**Requirement:** Reproduce exactly, from the data that follows, the line with "Psallite Singt Und", the line with "Black Grosgrain Fabric 99768", and every line that lies between them.

**Available data:**
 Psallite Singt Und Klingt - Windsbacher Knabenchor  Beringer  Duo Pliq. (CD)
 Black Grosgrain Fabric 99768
==
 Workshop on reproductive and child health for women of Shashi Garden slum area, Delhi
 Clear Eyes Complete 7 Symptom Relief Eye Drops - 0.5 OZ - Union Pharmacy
---
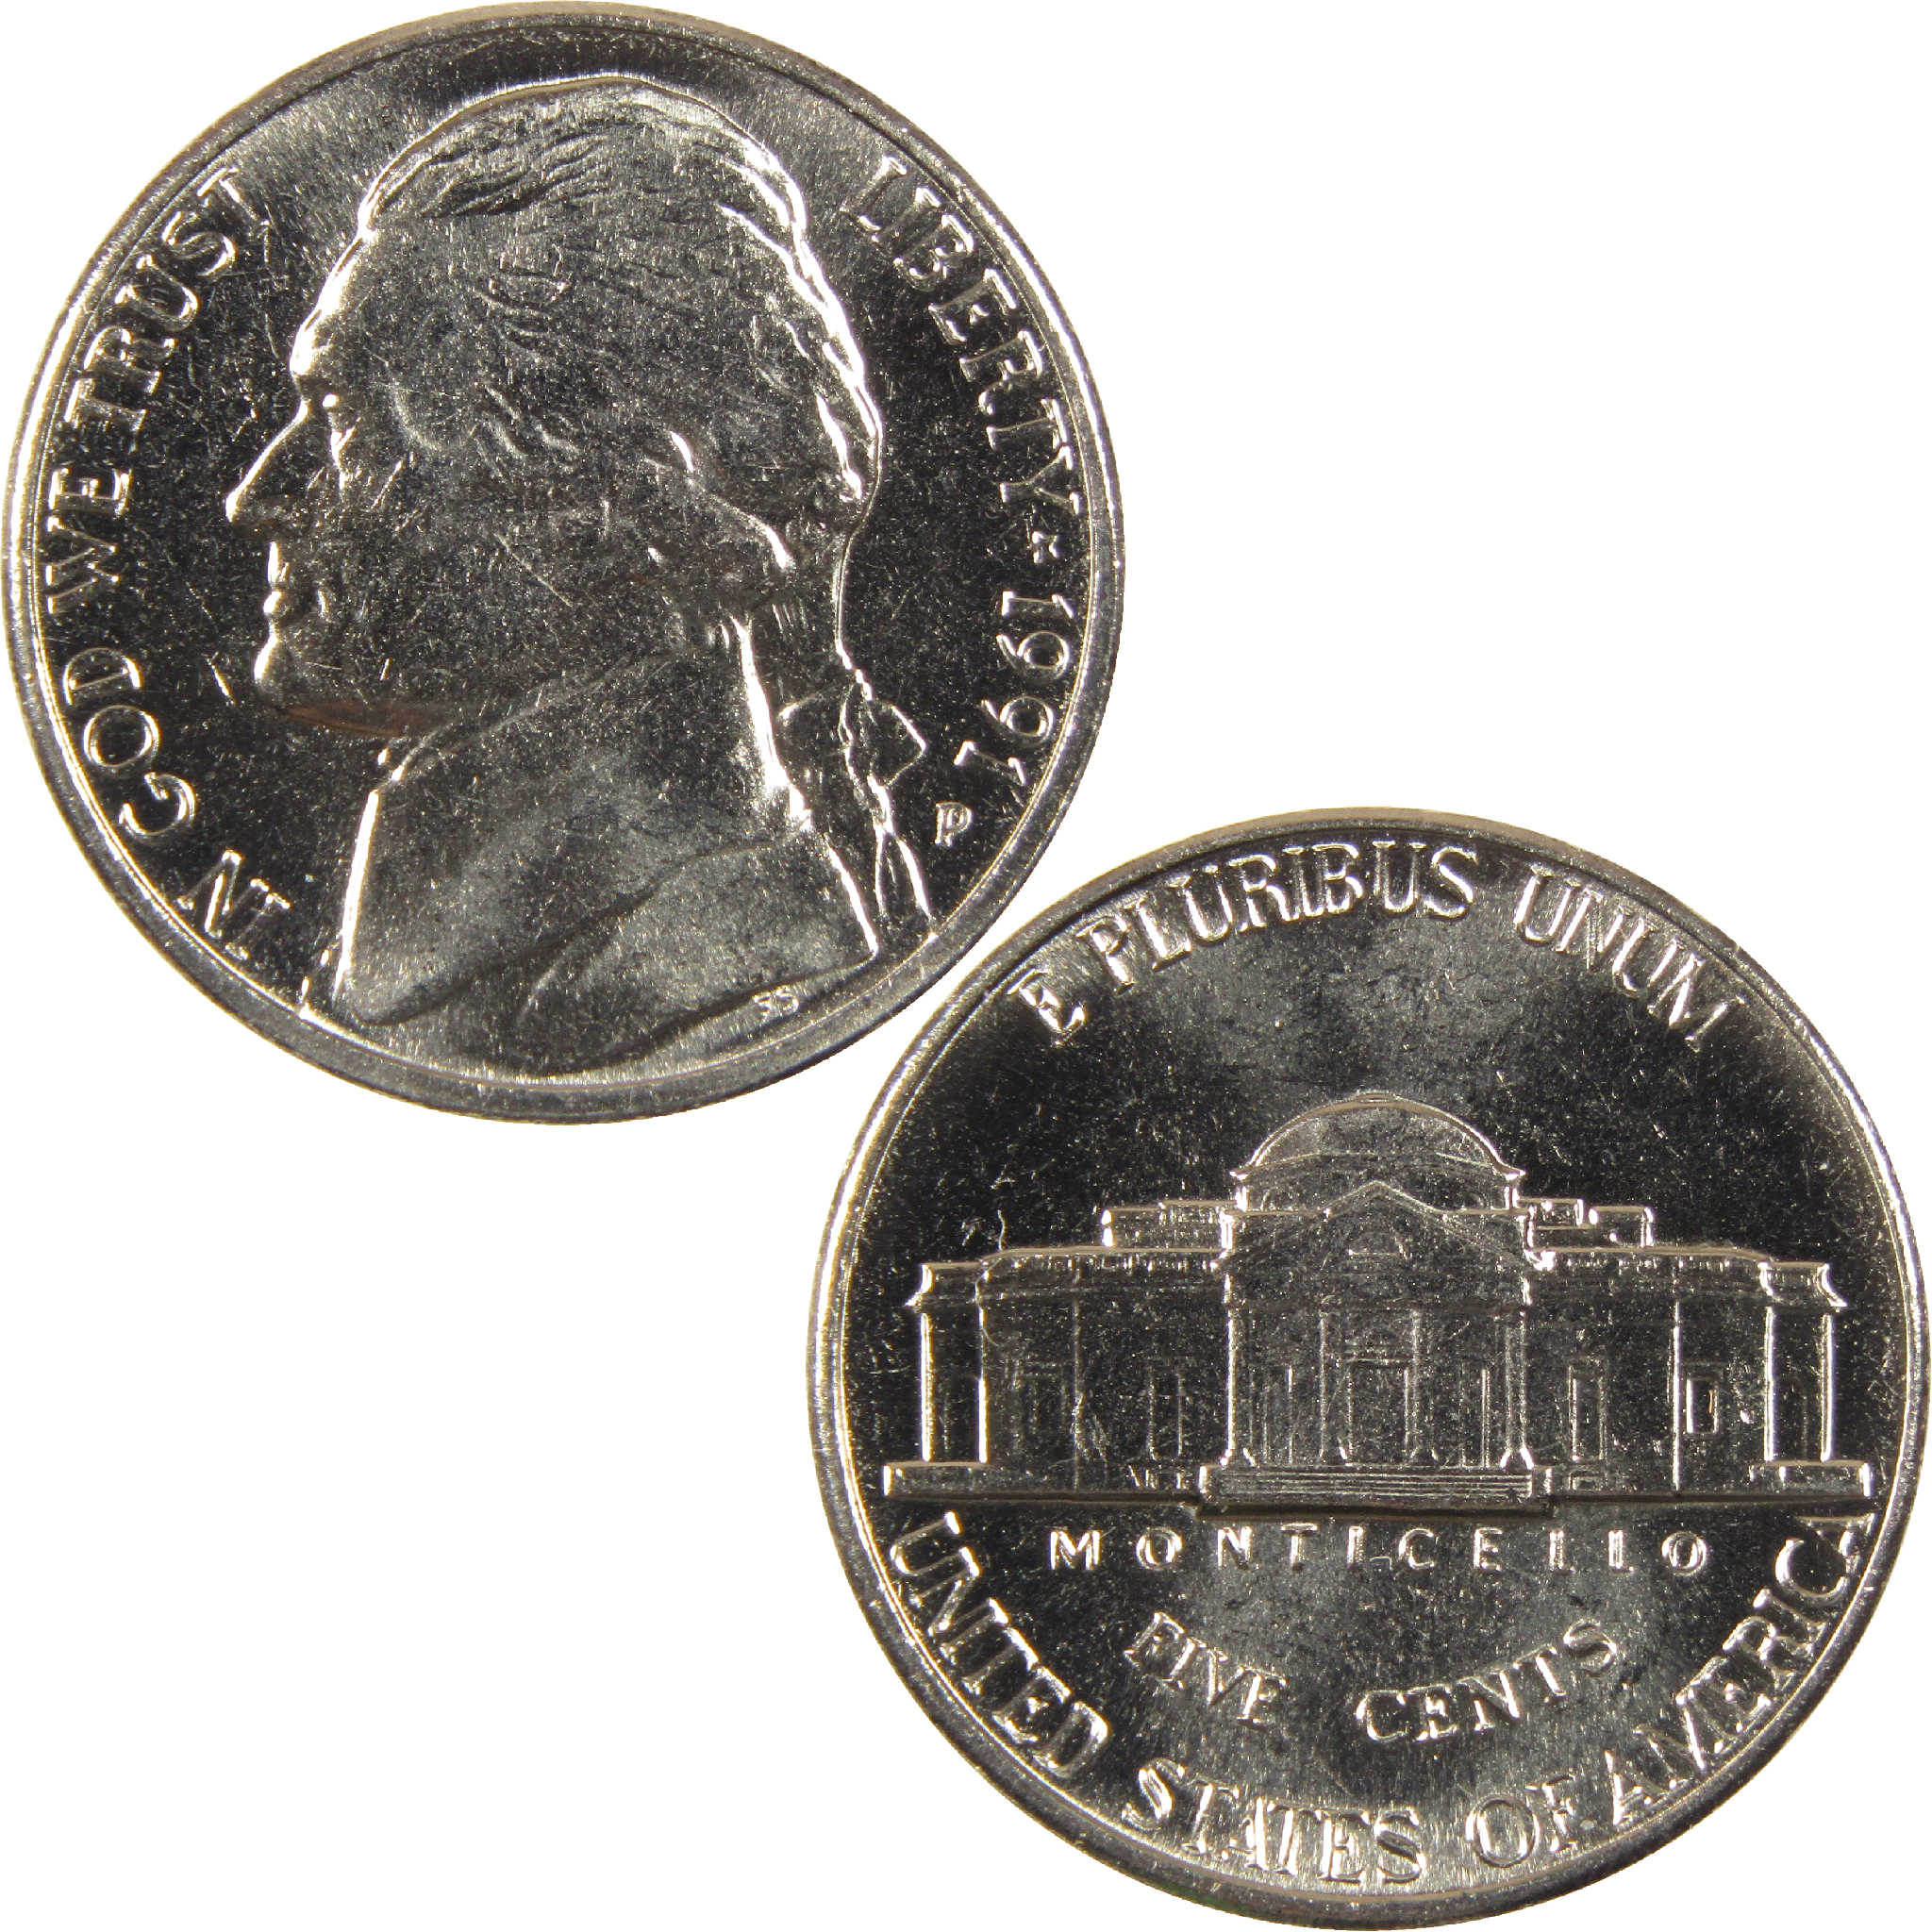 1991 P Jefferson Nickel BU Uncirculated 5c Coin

**Expected output:**
 Psallite Singt Und Klingt - Windsbacher Knabenchor  Beringer  Duo Pliq. (CD)
 Black Grosgrain Fabric 99768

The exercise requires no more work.